А я бы на его месте даже присел, благо лавки под боком имеются. Старается держать лицо? Конечно. Просто не знает еще, что не всякую слабость нужно скрывать. Пусть и перед подчиненными.
Тем временем черномундирники окружили стол с мертвецом и меня заодно, а потом, следуя недвусмысленному кивку бальги, кто-то находящийся сзади ловко обхлопал ладонями те места на моей одежде, где могли прятаться потайные карманы, и расстегнул пряжку ремня. На навершии посоха тоже уже лежали чужие пальцы, так что я предпочел сделать вид, будто не замечаю творящегося обыска. Хотя древко не отпустил. Тем временем поясную сумку, разумеется, заранее раскрытую и осмотренную, поднесли блондину, который выудил из нее свиток подорожной.
Чтение заняло больше времени, чем того заслуживали несколько скупых строк, описывающих меня и цели моего приезда в Катралу. Но если раньше я бы решил, что бальга таким образом пытается найти на бумаге следы подделки или еще чего-либо, то теперь терялся в догадках. Может быть, он просто плохо умеет читать? А может, рассчитывает следующий шаг и нуждается в некотором времени для этого?
Наконец подорожная была вновь свернута и отложена в сторону, куда-то между еще стоящими и перевернутыми во время драки кружками, однако изучение содержимого сумки продолжилось: в факельном свете сверкнул гранями флакон с настойкой тысячезрачника.
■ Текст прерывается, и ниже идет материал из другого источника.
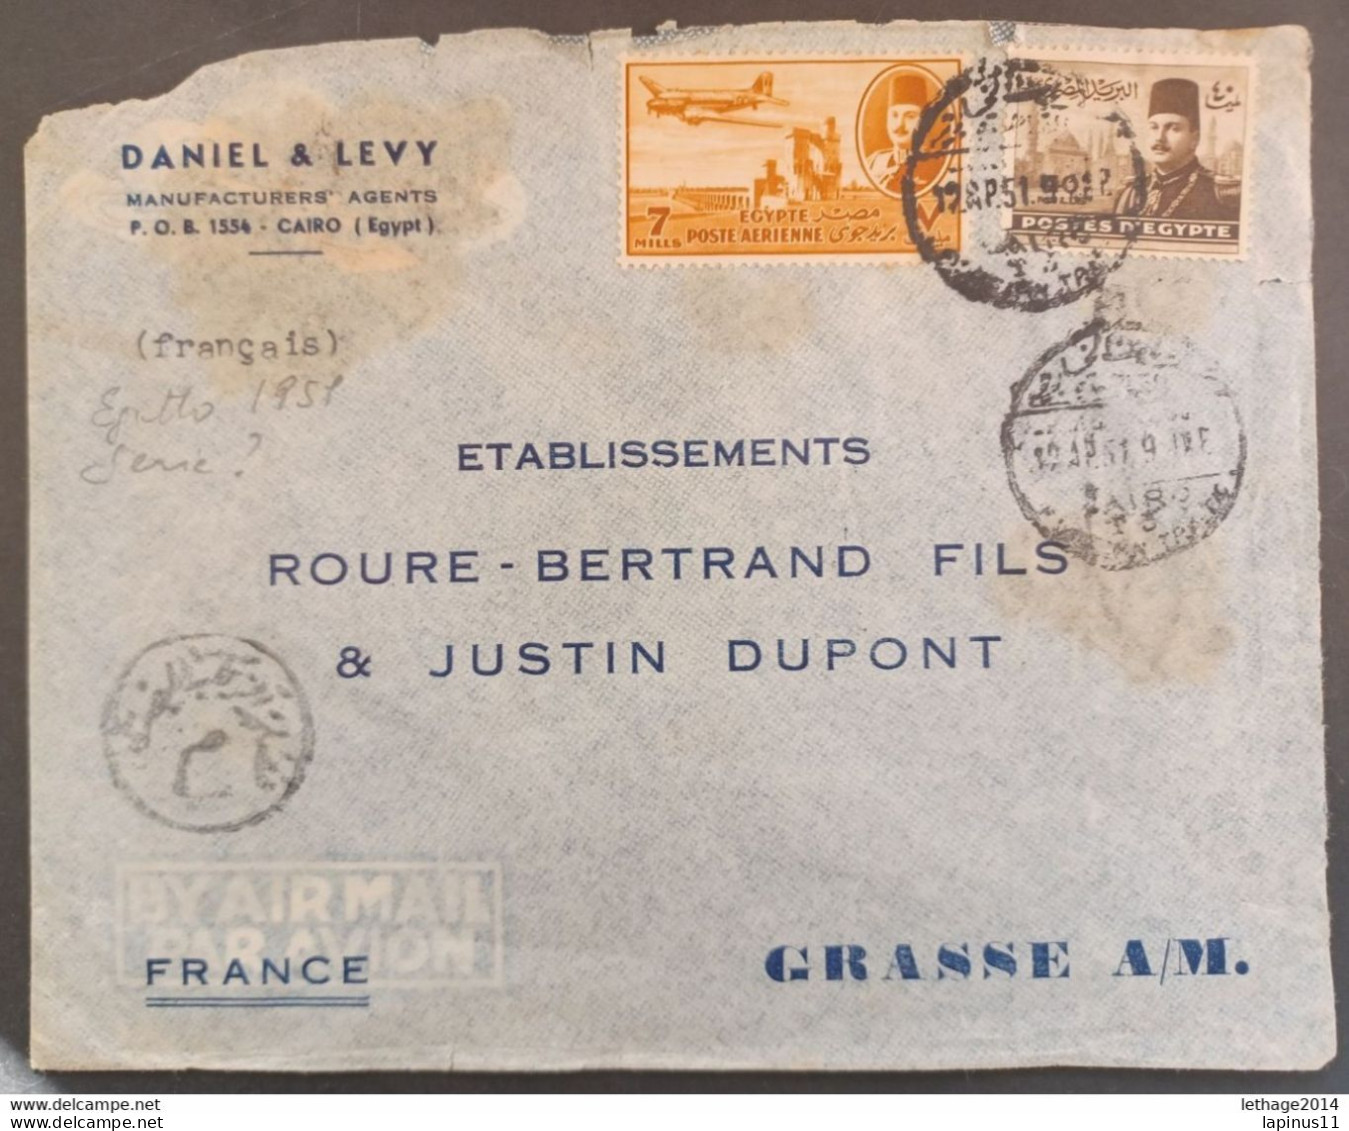 EGYPT مصر EGITTO 1951 KING FUAD COVER ETABLYSSMENTS FINANCIAL CAIRO TO GRASSE FRANCE - Aéreo
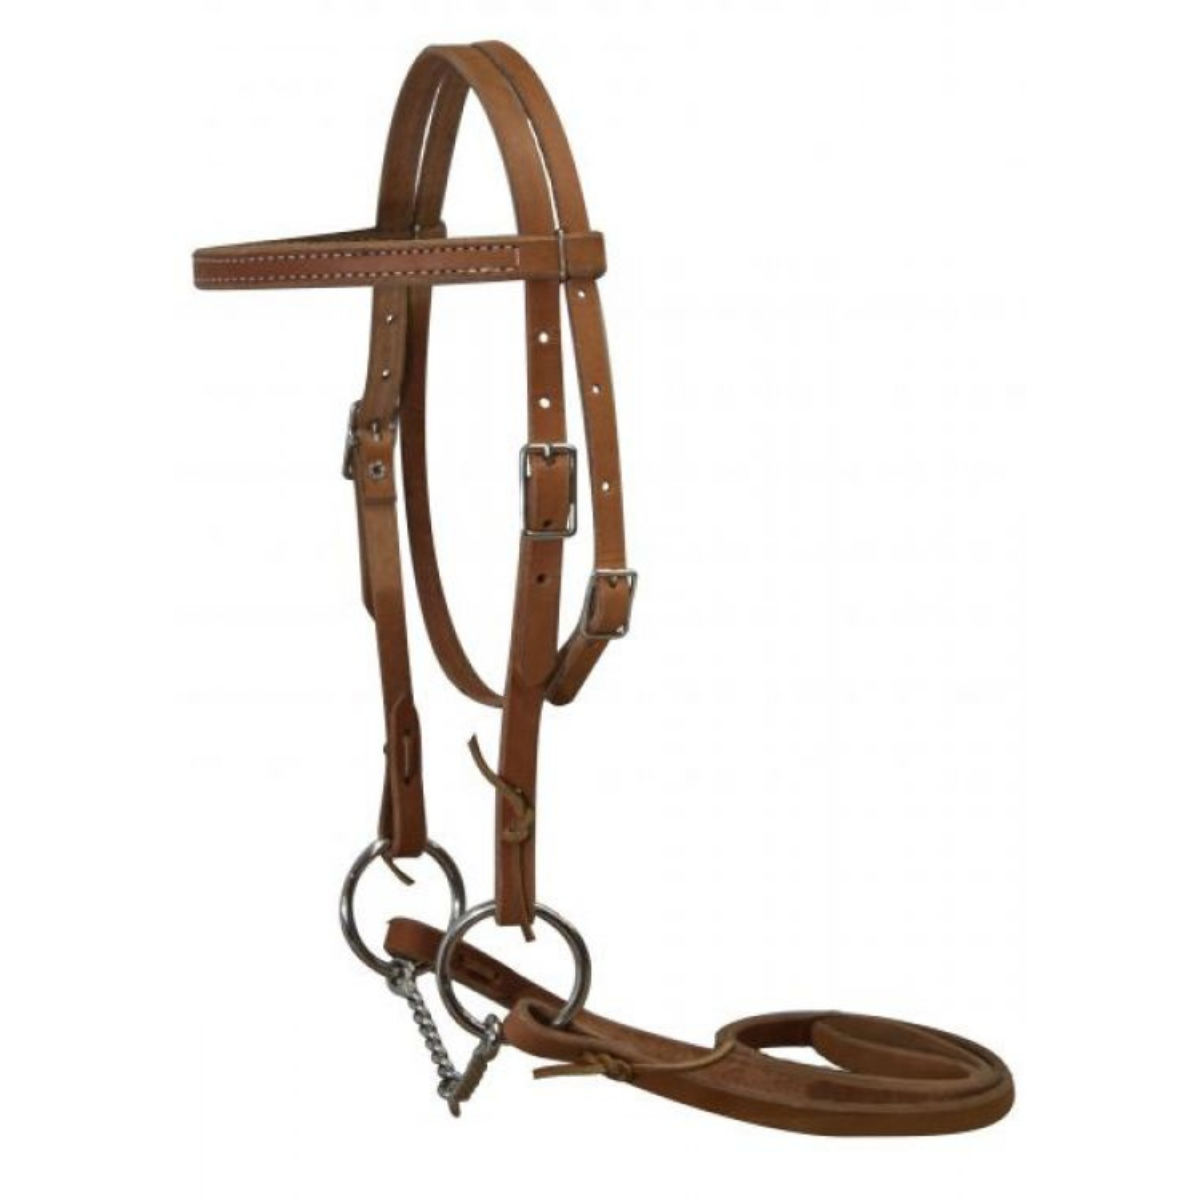 Double stitched pony bridle complete with twisted wire snaffle bit and reins - Double T Saddles

Только тут я почувствовал, что приступ, чуть замешкавшийся на время боевых действий, готовится к решительной атаке.
Надо было нюхнуть еще тогда, в самом начале. Вот уж верно говорят: все нужно делать вовремя!
— Что это такое? — Бальга повертел мою склянку в пальцах.
— Лекарство.
Блондин открыл пробку, принюхался, еле заметно скривился.
— И от чего оно лечит?
— От болей в груди.
— У вас больная грудь?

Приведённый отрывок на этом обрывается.